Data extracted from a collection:
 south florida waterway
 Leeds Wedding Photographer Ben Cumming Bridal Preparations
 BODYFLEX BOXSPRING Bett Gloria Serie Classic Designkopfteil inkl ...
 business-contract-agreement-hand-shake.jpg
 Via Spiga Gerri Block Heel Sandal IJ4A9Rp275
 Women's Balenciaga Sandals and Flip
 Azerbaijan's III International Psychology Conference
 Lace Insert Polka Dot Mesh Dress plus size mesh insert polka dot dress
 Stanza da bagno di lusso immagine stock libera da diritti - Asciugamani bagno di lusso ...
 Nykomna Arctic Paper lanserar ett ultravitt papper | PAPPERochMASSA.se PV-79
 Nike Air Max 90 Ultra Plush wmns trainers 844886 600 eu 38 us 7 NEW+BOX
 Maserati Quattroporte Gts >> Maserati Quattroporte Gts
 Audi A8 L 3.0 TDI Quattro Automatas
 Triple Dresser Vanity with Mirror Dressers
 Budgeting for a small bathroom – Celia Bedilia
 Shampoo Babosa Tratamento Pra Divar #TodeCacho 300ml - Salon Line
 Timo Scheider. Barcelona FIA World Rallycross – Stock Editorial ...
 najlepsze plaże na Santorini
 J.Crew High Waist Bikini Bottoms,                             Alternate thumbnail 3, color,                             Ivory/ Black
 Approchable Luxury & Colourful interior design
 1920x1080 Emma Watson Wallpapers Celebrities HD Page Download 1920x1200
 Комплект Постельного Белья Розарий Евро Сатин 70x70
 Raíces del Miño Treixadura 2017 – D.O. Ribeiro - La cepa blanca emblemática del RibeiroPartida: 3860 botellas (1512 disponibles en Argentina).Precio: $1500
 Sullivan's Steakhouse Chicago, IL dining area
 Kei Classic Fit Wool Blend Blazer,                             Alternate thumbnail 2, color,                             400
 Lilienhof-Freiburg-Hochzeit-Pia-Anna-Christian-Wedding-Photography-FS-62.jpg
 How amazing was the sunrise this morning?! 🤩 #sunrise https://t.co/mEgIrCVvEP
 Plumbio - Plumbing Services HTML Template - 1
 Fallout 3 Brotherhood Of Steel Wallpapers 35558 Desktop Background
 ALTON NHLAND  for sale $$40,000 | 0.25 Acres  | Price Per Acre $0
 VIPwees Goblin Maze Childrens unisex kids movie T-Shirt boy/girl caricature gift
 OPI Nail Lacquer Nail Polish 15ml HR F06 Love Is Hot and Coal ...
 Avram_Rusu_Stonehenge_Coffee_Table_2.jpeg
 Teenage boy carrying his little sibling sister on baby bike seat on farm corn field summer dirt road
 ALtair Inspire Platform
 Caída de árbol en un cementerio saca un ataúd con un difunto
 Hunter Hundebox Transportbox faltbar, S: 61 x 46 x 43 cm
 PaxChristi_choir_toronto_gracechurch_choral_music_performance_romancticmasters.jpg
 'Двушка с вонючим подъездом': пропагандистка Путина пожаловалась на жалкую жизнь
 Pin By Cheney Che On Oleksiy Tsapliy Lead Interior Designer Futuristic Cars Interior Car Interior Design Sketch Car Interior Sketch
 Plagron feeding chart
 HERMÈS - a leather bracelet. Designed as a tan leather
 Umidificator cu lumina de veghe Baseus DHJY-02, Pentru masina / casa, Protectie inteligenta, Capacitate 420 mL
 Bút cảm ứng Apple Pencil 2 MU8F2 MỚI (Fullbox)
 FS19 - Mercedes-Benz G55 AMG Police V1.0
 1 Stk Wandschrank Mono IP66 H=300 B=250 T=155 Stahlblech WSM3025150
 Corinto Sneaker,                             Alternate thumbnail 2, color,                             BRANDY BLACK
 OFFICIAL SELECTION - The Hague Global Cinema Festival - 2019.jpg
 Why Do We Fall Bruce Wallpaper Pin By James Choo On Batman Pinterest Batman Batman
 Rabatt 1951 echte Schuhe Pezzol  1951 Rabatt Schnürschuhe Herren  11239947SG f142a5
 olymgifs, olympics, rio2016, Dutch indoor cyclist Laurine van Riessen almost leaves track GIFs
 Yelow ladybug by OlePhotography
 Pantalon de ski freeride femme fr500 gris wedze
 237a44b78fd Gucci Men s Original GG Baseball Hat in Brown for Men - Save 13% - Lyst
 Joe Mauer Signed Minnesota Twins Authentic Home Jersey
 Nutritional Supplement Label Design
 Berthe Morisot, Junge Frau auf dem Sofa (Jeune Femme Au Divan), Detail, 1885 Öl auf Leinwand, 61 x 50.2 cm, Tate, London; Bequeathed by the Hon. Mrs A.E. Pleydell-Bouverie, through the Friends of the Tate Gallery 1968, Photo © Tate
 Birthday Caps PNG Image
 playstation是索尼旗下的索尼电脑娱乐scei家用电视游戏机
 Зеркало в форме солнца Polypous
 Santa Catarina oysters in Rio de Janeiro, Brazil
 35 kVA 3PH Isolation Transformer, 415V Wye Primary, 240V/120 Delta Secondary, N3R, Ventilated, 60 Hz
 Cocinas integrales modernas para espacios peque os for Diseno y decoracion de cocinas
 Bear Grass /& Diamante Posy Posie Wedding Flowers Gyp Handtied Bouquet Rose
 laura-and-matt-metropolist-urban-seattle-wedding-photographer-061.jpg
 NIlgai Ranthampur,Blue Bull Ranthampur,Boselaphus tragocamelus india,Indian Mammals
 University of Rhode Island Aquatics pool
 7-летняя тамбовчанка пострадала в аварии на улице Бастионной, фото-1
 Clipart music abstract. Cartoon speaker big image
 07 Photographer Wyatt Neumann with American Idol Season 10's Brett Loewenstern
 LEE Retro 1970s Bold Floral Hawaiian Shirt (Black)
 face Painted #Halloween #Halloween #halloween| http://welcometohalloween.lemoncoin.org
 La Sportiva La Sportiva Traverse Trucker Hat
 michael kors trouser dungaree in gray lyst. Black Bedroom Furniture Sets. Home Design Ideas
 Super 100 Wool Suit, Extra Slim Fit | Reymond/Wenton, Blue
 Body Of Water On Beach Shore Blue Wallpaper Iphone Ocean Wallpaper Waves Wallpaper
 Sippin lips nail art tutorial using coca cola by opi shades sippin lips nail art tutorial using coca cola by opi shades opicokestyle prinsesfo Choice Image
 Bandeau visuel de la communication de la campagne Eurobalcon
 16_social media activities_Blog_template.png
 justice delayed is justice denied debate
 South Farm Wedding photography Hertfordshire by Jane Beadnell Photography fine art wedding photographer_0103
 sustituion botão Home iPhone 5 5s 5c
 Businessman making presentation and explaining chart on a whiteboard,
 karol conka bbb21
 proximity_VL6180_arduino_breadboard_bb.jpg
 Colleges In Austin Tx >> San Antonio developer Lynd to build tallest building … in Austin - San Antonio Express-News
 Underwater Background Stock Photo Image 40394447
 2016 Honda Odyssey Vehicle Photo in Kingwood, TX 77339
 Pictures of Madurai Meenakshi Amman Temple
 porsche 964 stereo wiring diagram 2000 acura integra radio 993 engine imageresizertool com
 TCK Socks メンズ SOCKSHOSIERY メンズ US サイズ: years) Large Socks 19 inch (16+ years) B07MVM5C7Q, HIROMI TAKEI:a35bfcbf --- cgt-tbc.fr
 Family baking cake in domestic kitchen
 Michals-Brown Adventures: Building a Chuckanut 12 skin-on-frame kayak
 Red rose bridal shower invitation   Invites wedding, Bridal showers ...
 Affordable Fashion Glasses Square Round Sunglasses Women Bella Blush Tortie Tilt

▸ **Directions for this task**:
Please copy out each entry exactly as it appears above.

▸ **Exercise response**:
 south florida waterway
 Leeds Wedding Photographer Ben Cumming Bridal Preparations
 BODYFLEX BOXSPRING Bett Gloria Serie Classic Designkopfteil inkl ...
 business-contract-agreement-hand-shake.jpg
 Via Spiga Gerri Block Heel Sandal IJ4A9Rp275
 Women's Balenciaga Sandals and Flip
 Azerbaijan's III International Psychology Conference
 Lace Insert Polka Dot Mesh Dress plus size mesh insert polka dot dress
 Stanza da bagno di lusso immagine stock libera da diritti - Asciugamani bagno di lusso ...
 Nykomna Arctic Paper lanserar ett ultravitt papper | PAPPERochMASSA.se PV-79
 Nike Air Max 90 Ultra Plush wmns trainers 844886 600 eu 38 us 7 NEW+BOX
 Maserati Quattroporte Gts >> Maserati Quattroporte Gts
 Audi A8 L 3.0 TDI Quattro Automatas
 Triple Dresser Vanity with Mirror Dressers
 Budgeting for a small bathroom – Celia Bedilia
 Shampoo Babosa Tratamento Pra Divar #TodeCacho 300ml - Salon Line
 Timo Scheider. Barcelona FIA World Rallycross – Stock Editorial ...
 najlepsze plaże na Santorini
 J.Crew High Waist Bikini Bottoms,                             Alternate thumbnail 3, color,                             Ivory/ Black
 Approchable Luxury & Colourful interior design
 1920x1080 Emma Watson Wallpapers Celebrities HD Page Download 1920x1200
 Комплект Постельного Белья Розарий Евро Сатин 70x70
 Raíces del Miño Treixadura 2017 – D.O. Ribeiro - La cepa blanca emblemática del RibeiroPartida: 3860 botellas (1512 disponibles en Argentina).Precio: $1500
 Sullivan's Steakhouse Chicago, IL dining area
 Kei Classic Fit Wool Blend Blazer,                             Alternate thumbnail 2, color,                             400
 Lilienhof-Freiburg-Hochzeit-Pia-Anna-Christian-Wedding-Photography-FS-62.jpg
 How amazing was the sunrise this morning?! 🤩 #sunrise https://t.co/mEgIrCVvEP
 Plumbio - Plumbing Services HTML Template - 1
 Fallout 3 Brotherhood Of Steel Wallpapers 35558 Desktop Background
 ALTON NHLAND  for sale $$40,000 | 0.25 Acres  | Price Per Acre $0
 VIPwees Goblin Maze Childrens unisex kids movie T-Shirt boy/girl caricature gift
 OPI Nail Lacquer Nail Polish 15ml HR F06 Love Is Hot and Coal ...
 Avram_Rusu_Stonehenge_Coffee_Table_2.jpeg
 Teenage boy carrying his little sibling sister on baby bike seat on farm corn field summer dirt road
 ALtair Inspire Platform
 Caída de árbol en un cementerio saca un ataúd con un difunto
 Hunter Hundebox Transportbox faltbar, S: 61 x 46 x 43 cm
 PaxChristi_choir_toronto_gracechurch_choral_music_performance_romancticmasters.jpg
 'Двушка с вонючим подъездом': пропагандистка Путина пожаловалась на жалкую жизнь
 Pin By Cheney Che On Oleksiy Tsapliy Lead Interior Designer Futuristic Cars Interior Car Interior Design Sketch Car Interior Sketch
 Plagron feeding chart
 HERMÈS - a leather bracelet. Designed as a tan leather
 Umidificator cu lumina de veghe Baseus DHJY-02, Pentru masina / casa, Protectie inteligenta, Capacitate 420 mL
 Bút cảm ứng Apple Pencil 2 MU8F2 MỚI (Fullbox)
 FS19 - Mercedes-Benz G55 AMG Police V1.0
 1 Stk Wandschrank Mono IP66 H=300 B=250 T=155 Stahlblech WSM3025150
 Corinto Sneaker,                             Alternate thumbnail 2, color,                             BRANDY BLACK
 OFFICIAL SELECTION - The Hague Global Cinema Festival - 2019.jpg
 Why Do We Fall Bruce Wallpaper Pin By James Choo On Batman Pinterest Batman Batman
 Rabatt 1951 echte Schuhe Pezzol  1951 Rabatt Schnürschuhe Herren  11239947SG f142a5
 olymgifs, olympics, rio2016, Dutch indoor cyclist Laurine van Riessen almost leaves track GIFs
 Yelow ladybug by OlePhotography
 Pantalon de ski freeride femme fr500 gris wedze
 237a44b78fd Gucci Men s Original GG Baseball Hat in Brown for Men - Save 13% - Lyst
 Joe Mauer Signed Minnesota Twins Authentic Home Jersey
 Nutritional Supplement Label Design
 Berthe Morisot, Junge Frau auf dem Sofa (Jeune Femme Au Divan), Detail, 1885 Öl auf Leinwand, 61 x 50.2 cm, Tate, London; Bequeathed by the Hon. Mrs A.E. Pleydell-Bouverie, through the Friends of the Tate Gallery 1968, Photo © Tate
 Birthday Caps PNG Image
 playstation是索尼旗下的索尼电脑娱乐scei家用电视游戏机
 Зеркало в форме солнца Polypous
 Santa Catarina oysters in Rio de Janeiro, Brazil
 35 kVA 3PH Isolation Transformer, 415V Wye Primary, 240V/120 Delta Secondary, N3R, Ventilated, 60 Hz
 Cocinas integrales modernas para espacios peque os for Diseno y decoracion de cocinas
 Bear Grass /& Diamante Posy Posie Wedding Flowers Gyp Handtied Bouquet Rose
 laura-and-matt-metropolist-urban-seattle-wedding-photographer-061.jpg
 NIlgai Ranthampur,Blue Bull Ranthampur,Boselaphus tragocamelus india,Indian Mammals
 University of Rhode Island Aquatics pool
 7-летняя тамбовчанка пострадала в аварии на улице Бастионной, фото-1
 Clipart music abstract. Cartoon speaker big image
 07 Photographer Wyatt Neumann with American Idol Season 10's Brett Loewenstern
 LEE Retro 1970s Bold Floral Hawaiian Shirt (Black)
 face Painted #Halloween #Halloween #halloween| http://welcometohalloween.lemoncoin.org
 La Sportiva La Sportiva Traverse Trucker Hat
 michael kors trouser dungaree in gray lyst. Black Bedroom Furniture Sets. Home Design Ideas
 Super 100 Wool Suit, Extra Slim Fit | Reymond/Wenton, Blue
 Body Of Water On Beach Shore Blue Wallpaper Iphone Ocean Wallpaper Waves Wallpaper
 Sippin lips nail art tutorial using coca cola by opi shades sippin lips nail art tutorial using coca cola by opi shades opicokestyle prinsesfo Choice Image
 Bandeau visuel de la communication de la campagne Eurobalcon
 16_social media activities_Blog_template.png
 justice delayed is justice denied debate
 South Farm Wedding photography Hertfordshire by Jane Beadnell Photography fine art wedding photographer_0103
 sustituion botão Home iPhone 5 5s 5c
 Businessman making presentation and explaining chart on a whiteboard,
 karol conka bbb21
 proximity_VL6180_arduino_breadboard_bb.jpg
 Colleges In Austin Tx >> San Antonio developer Lynd to build tallest building … in Austin - San Antonio Express-News
 Underwater Background Stock Photo Image 40394447
 2016 Honda Odyssey Vehicle Photo in Kingwood, TX 77339
 Pictures of Madurai Meenakshi Amman Temple
 porsche 964 stereo wiring diagram 2000 acura integra radio 993 engine imageresizertool com
 TCK Socks メンズ SOCKSHOSIERY メンズ US サイズ: years) Large Socks 19 inch (16+ years) B07MVM5C7Q, HIROMI TAKEI:a35bfcbf --- cgt-tbc.fr
 Family baking cake in domestic kitchen
 Michals-Brown Adventures: Building a Chuckanut 12 skin-on-frame kayak
 Red rose bridal shower invitation   Invites wedding, Bridal showers ...
 Affordable Fashion Glasses Square Round Sunglasses Women Bella Blush Tortie Tilt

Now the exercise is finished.